高杉は後ろの方にひっそりと座る。前の方は刑事とお偉方で固められていた。後ろの方は捜査にそれほどやる気のない連中や事件とは直接の関係が無い捜査部以外の連中で占められている。もちろん高杉自身も例外ではない。

一番前では捜査部第1課、期待のルーキーと噂されている田代刑事がビジョンに捜査資料を映しながら事件の概要を説明する。こういうのは新人の役目であり、しかも期待されている新人でもある。自分も昔やったなぁ…そんな事を考えていると横に早川さんが座ってきた。そしてお世辞を言ってくる
「やっぱりお前は、こうして捜査会議に出るのが似合ってるよ」
「冗談はやめて下さい。今の自分は生活安全課の主任です。こうして捜査会議に出るなんて異例中の異例ですよ。命令されたから数年振りに出てはみたけど、こんなのはこれで最後にしたいですね」
2人してお喋りをしていると前の方から田代の声が聞こえてきた。

「最初の事件が起きたのは1週間前の5月27日。被害者は24歳の男性です。死亡推定時刻は27日の午後10時頃。現場は諏訪川市I町の2丁目付近にある路地裏。そこに被害者は…いました」
一瞬、田代の声が止まった。確かに止まる。田代は警察官からの呼び出しでその場に行って直接死体を見たらしい。きっと思い出してしまったのだろう。被害者が【いる】のではなく、【いた】という事を。
「被害者は両手両足がバラバラになっていました。それは切断されたという事ではなく、【もいだ】というべきでしょう。実際鑑札の堀口先生もこれは切断によるものではないと証言しております。何か巨大な力――例えば機械のアームで引き千切ったと言えば分かりやすいかも知れません」
横を見れば早川さんが真剣な顔をしていた。それはいつも冗談を言う壮年の顔ではなく、生涯を一刑事として捧げた――今も捧げ続けている男の顔だった。

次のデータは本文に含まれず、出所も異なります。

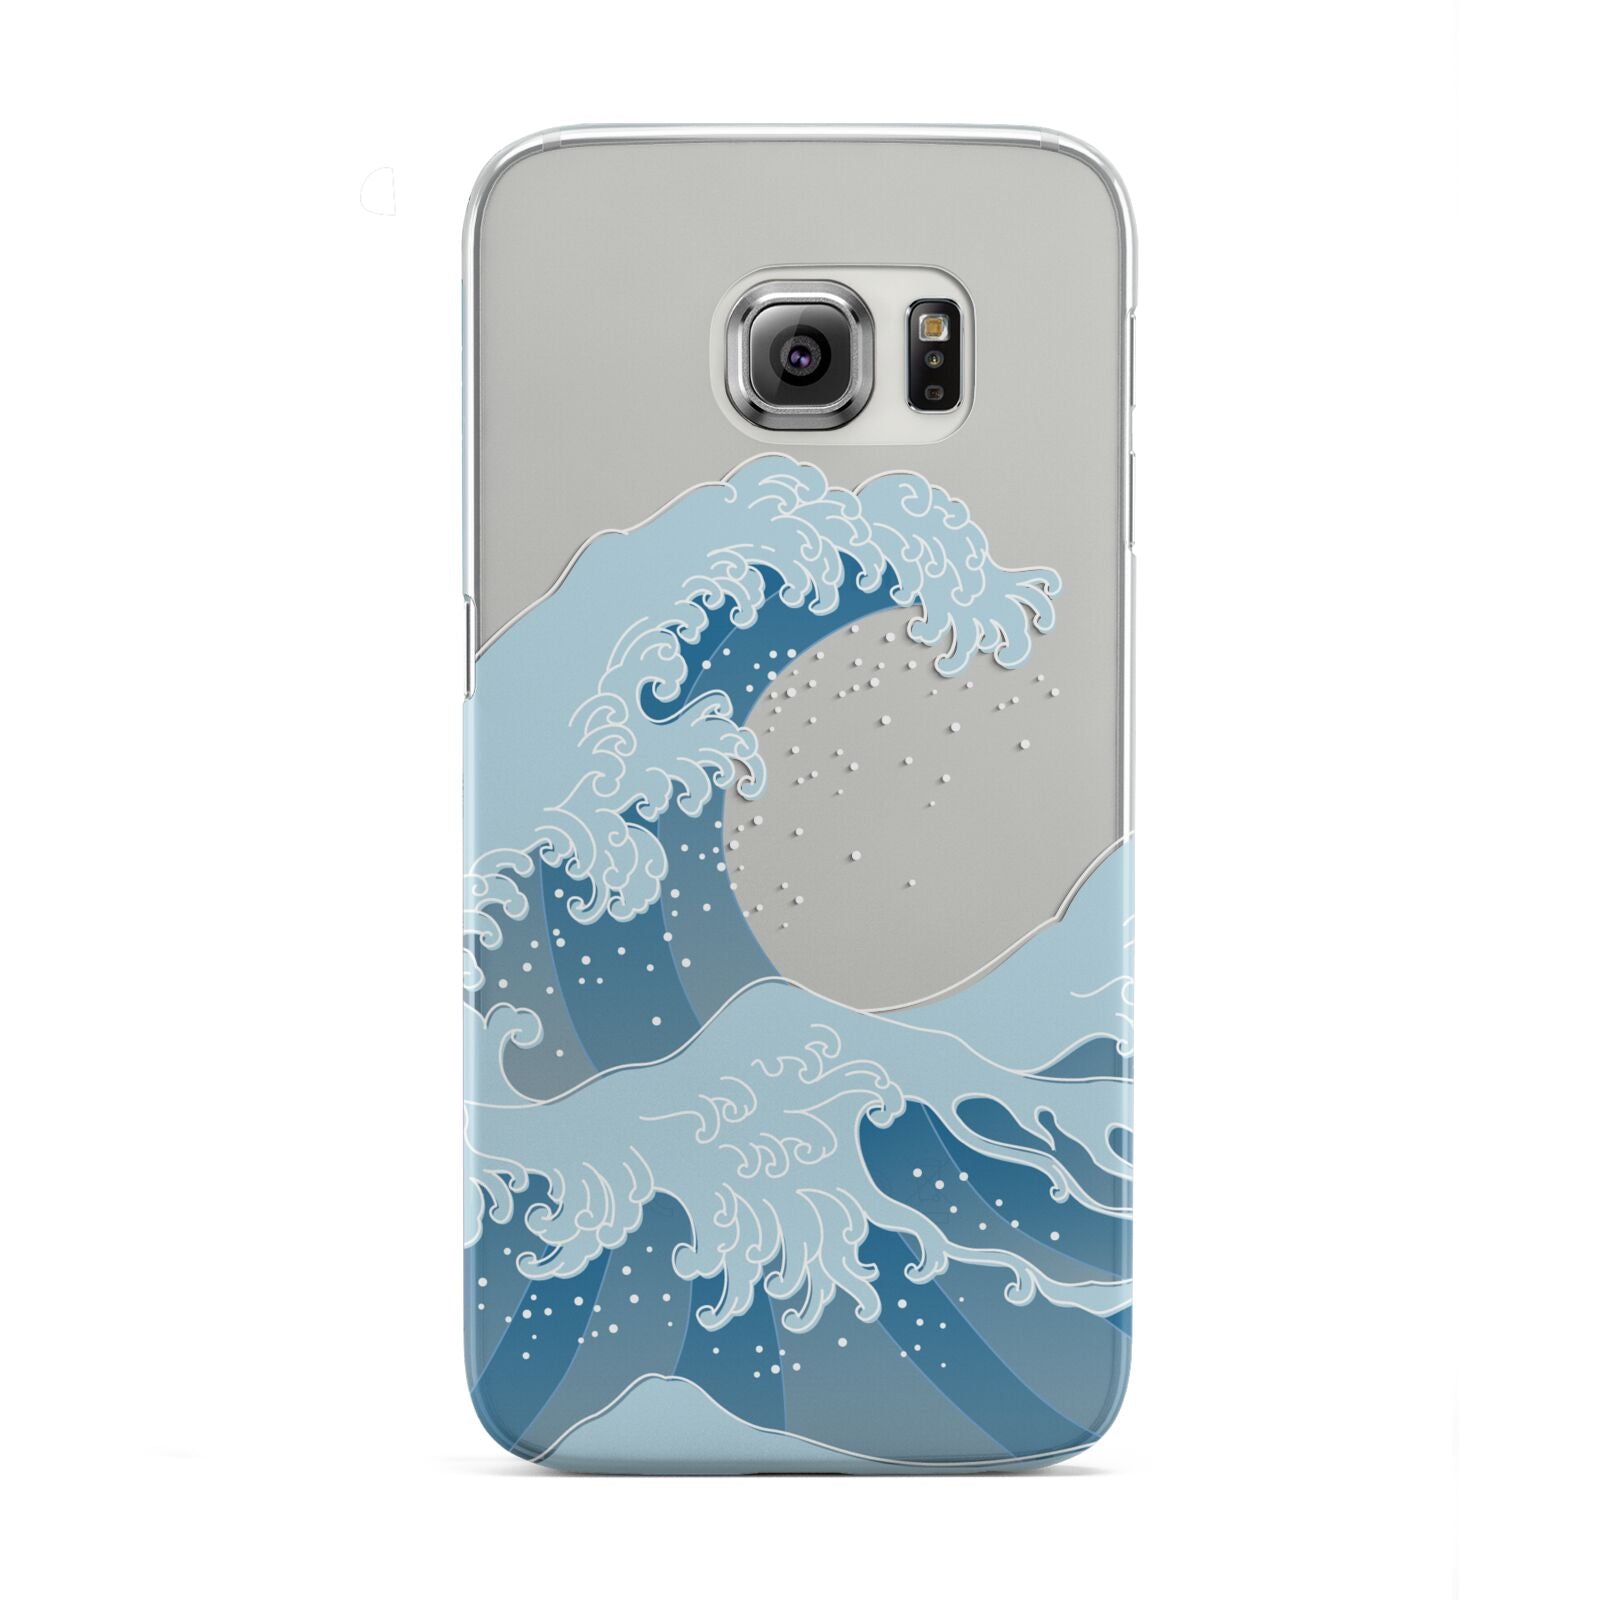 Great Wave Illustration Samsung Galaxy S6 Edge Case

「次の事件はそれから三日後です。被害者は18歳の女性。死亡推定時刻は5月30日の午後12時頃。現場は諏訪川市T町にある公園。この公園は街灯が壊れていて夜になると真っ暗になります。その為近所の住民も夜になったら近寄る事がありません。その為発見が遅れ、翌日の朝4時に新聞配達員が発見しました。被害者は前回同様手足がもがれていて…」

その次の言葉を田代は言い淀んでいた。当然だ、誰だって言いたくない。だが田代は意を決したように事実を口にする。それはこの事件を一躍全国区に押し上げた事実だった。
「被害者の女性は手足をもがれていて、その手足が体の中に突っ込まれていました。具体的に申しますと、両手両足が裂け、腹部に開いた穴から体内に無造作に突っ込まれていました。ちなみに死体の側には挿入するのに邪魔になったと思われる内臓が無造作に置かれていました」
ガタッと音がし、婦警が席を立って部屋の外に飛び出した。当然だ、こんな話誰だって気分が悪くなる。自分だって初めて話を聞いた時には酔ってもないのに吐きそうになった。

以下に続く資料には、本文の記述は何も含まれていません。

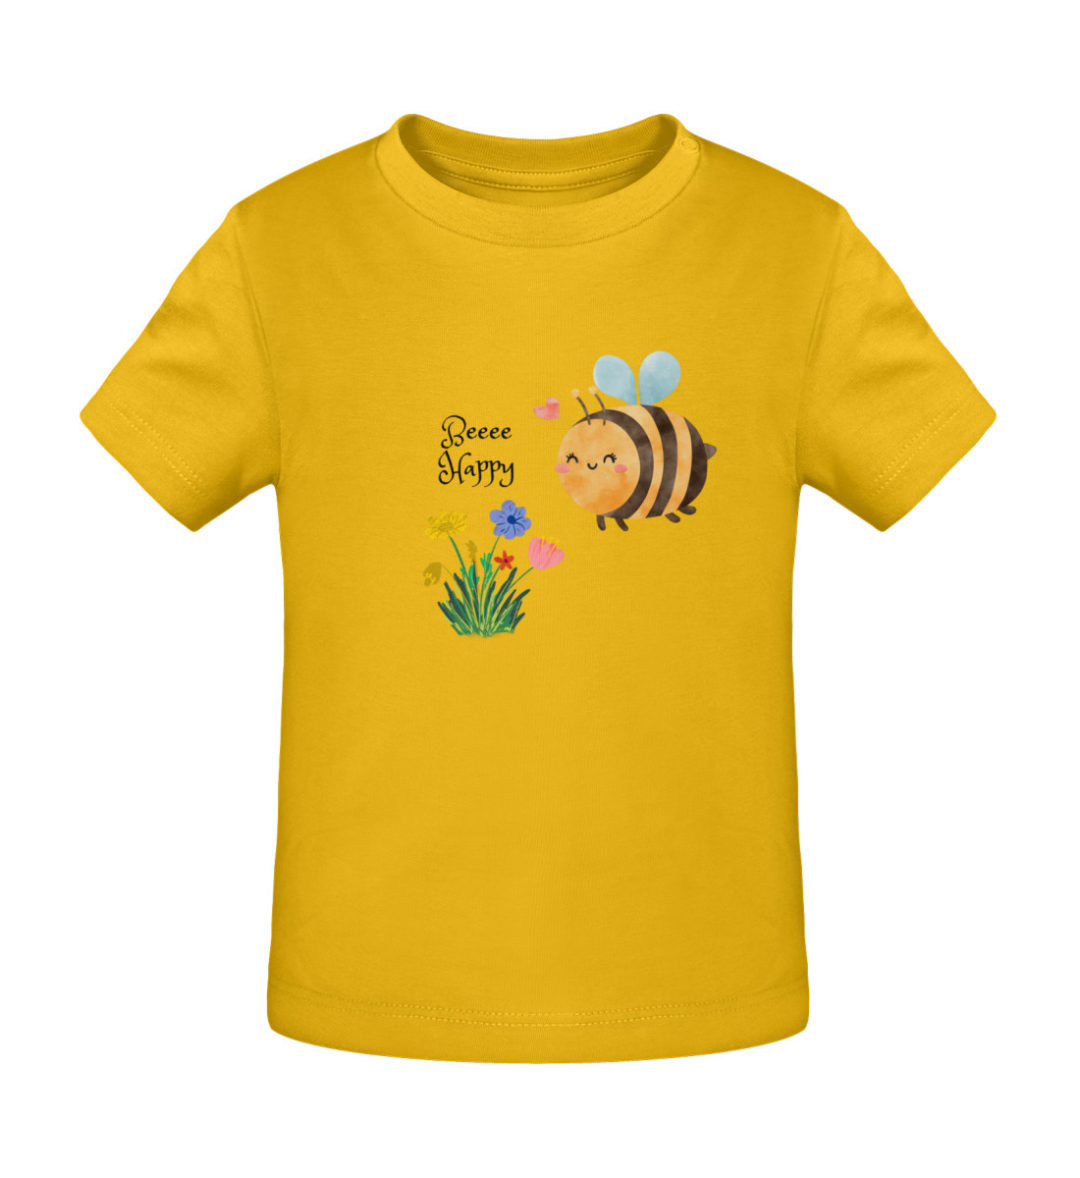 Beee happy - Baby Creator T-Shirt ST/ST-6885

「そして次の日には3件目。被害者は…9歳の男の子です」
会議室に張りつめた空気が充満する。警官や刑事と言っても所詮は職業の1つだ。ヒーローになりたいと心の底から思っているような奴ばかりとは言えない。それでも、だとしてもだ、8歳の男の子が虐殺されて犯人がのうのうとこの街を闊歩していますと言われて、ヘラヘラ出来るような奴はこの会議室にはいない。高杉としても例外ではなく、全員の思いは今一つとなっていた。

絶対犯人を捕まえる。こいつだけは許さない。全員が決意を新たにしながら田代の言葉に耳を傾ける。

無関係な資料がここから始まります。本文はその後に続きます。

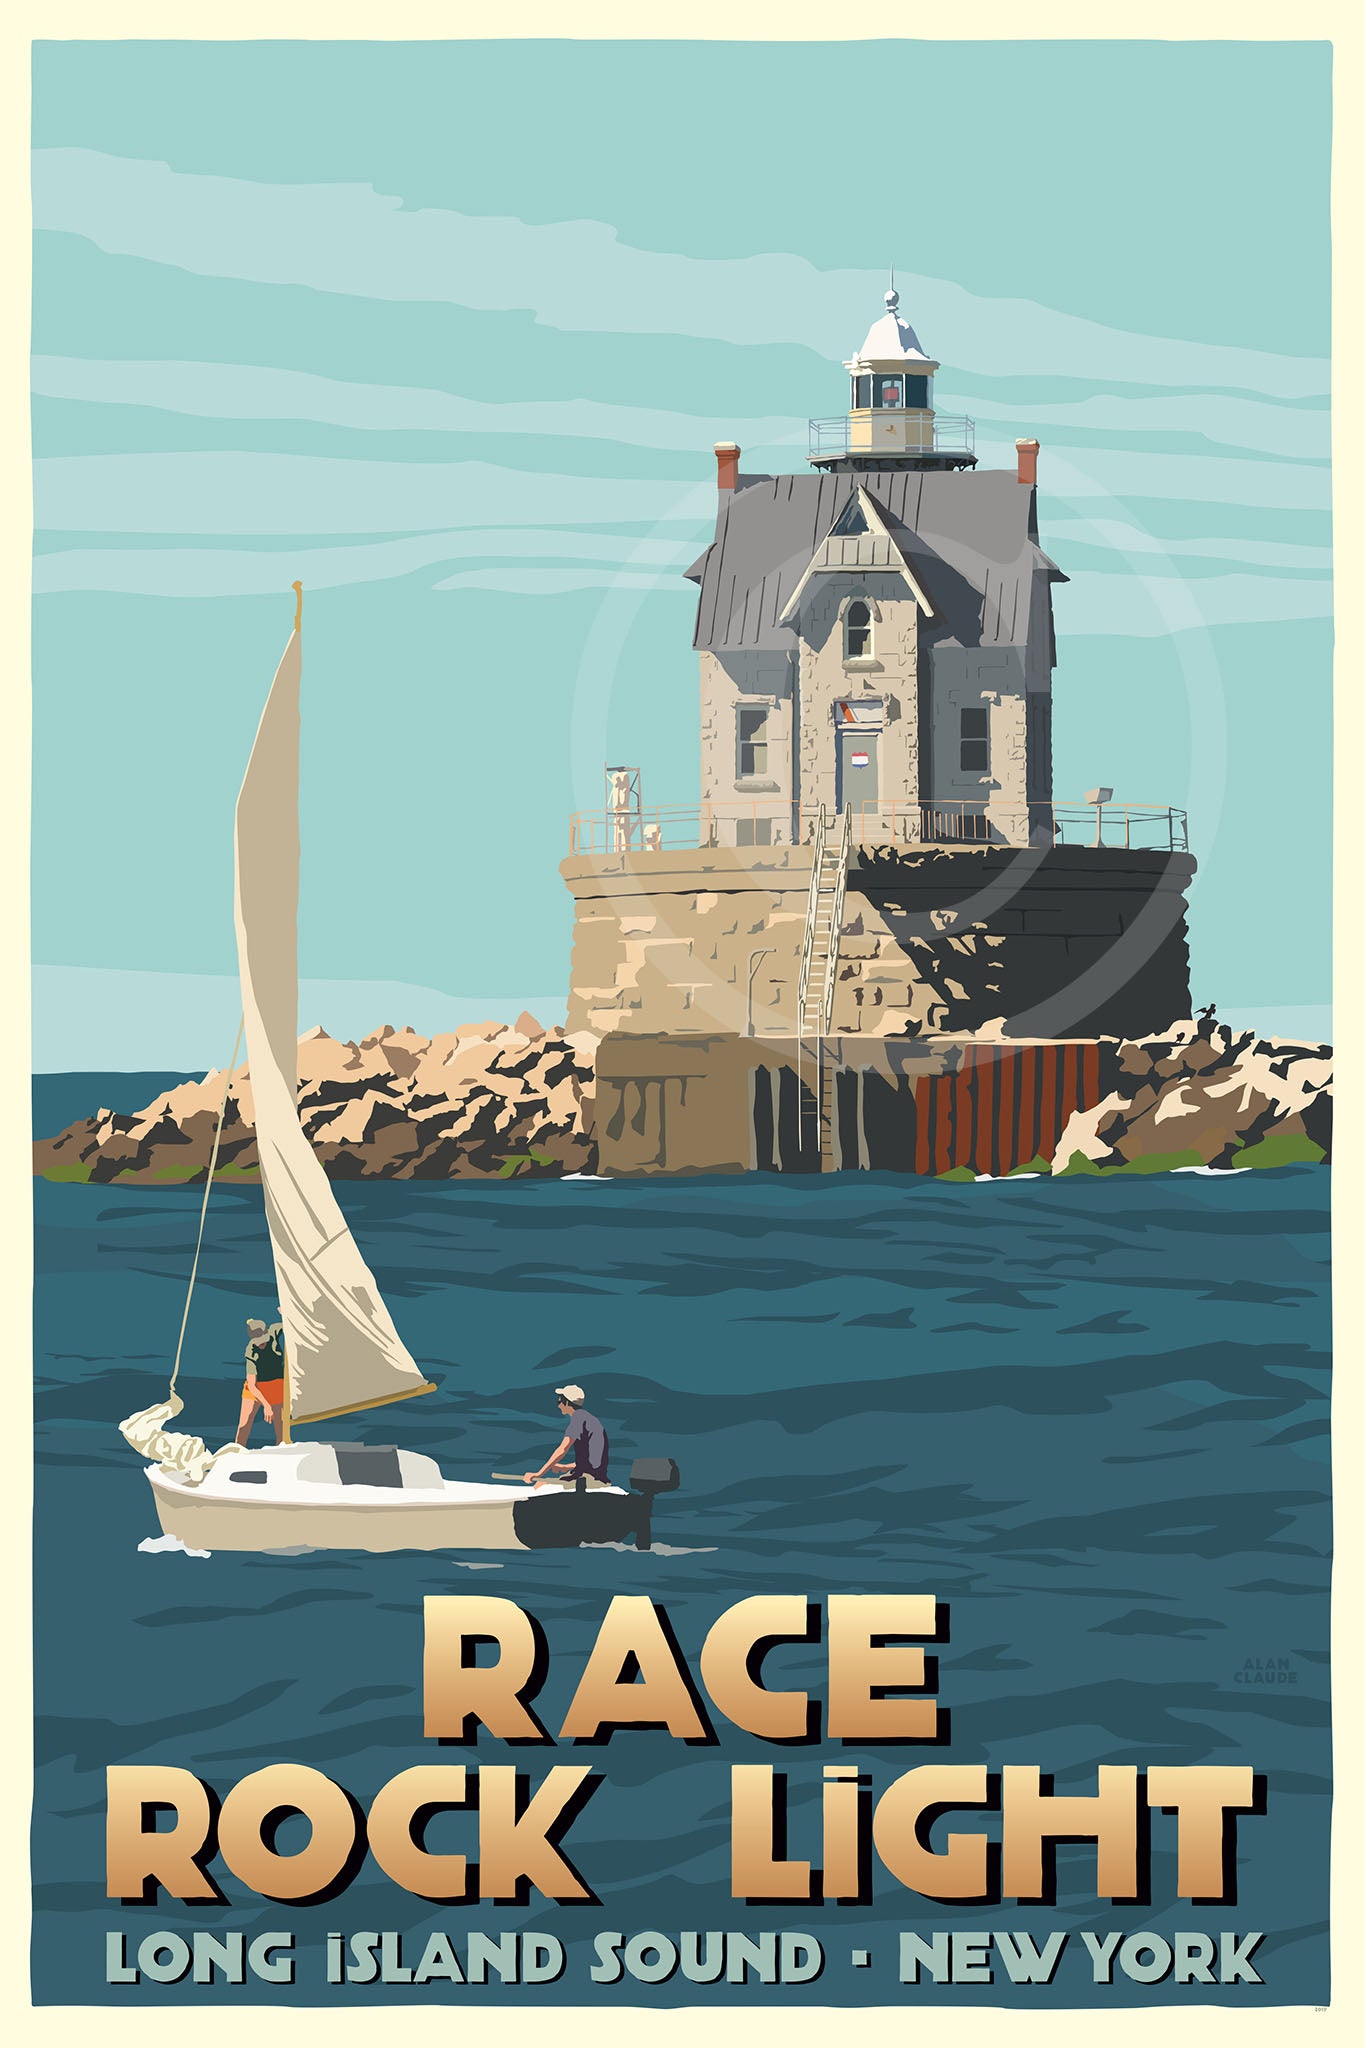 Race Rock Light Art Print 24" x 36" Travel Poster By Alan Claude - New York

「現場はH町2丁目にある広場です。ここは元々あった民家が売却され取り壊された為に空き地となっていました。街灯は無く草が生い茂る広場です。解体用の資材が積まれていて見通しが悪く、少年はドラム缶の中に放り込まれていました。被害者の男の子は前回同様達磨状態。両手は口の中に、両足は開けられた腹の中に、それぞれ混入されていました。」

捜査員全員が言葉を無くしていた。8歳の男の子が殺された。しかもこれ以上ないというべき残虐な方法で。如何なる理由があろうが――否、そもそも10年も生きていない子供を、殺すに値する理由などあろうはずもない。この事件の捜査をする動機は仕事だからとか給料を得る為とかではない、全員が覚悟を決めた。捕まえるという決意を。田代も同じ気持ちだったのだろう。強い口調で捜査ファイルを読み上げる。

「この事件をきっかけに犯行はエスカレート。一日一件だった殺害が日に日に増えていき、一日に2件もの殺害が行われる日も出てきました。そして今日、11件目の殺害――被害者は40歳の男性です。今まで同様手足を体内へと移動された上で虐殺されています」
「田代、ちょっと良いか?」
鬼瓦が手を上げて発言する。
「今日で11件もの殺害が確認されている。これ…全て同一犯人だと思って良いのか?余りにも被害者に接点が無さ過ぎるんだよ」
それは捜査員全員が思っている事であった。青年、女性、男の子、中年。被害者に繋がりが無さ過ぎる。こういう異例な事件が起こると模倣犯や便乗犯が出てくる事が往々にしてある。異常な犯人に便乗して殺したい奴を殺そうという訳だ。後はその犯人に憧れて自分もやってしまったという模倣犯だ。だが田代はどちらのケースも首を振った。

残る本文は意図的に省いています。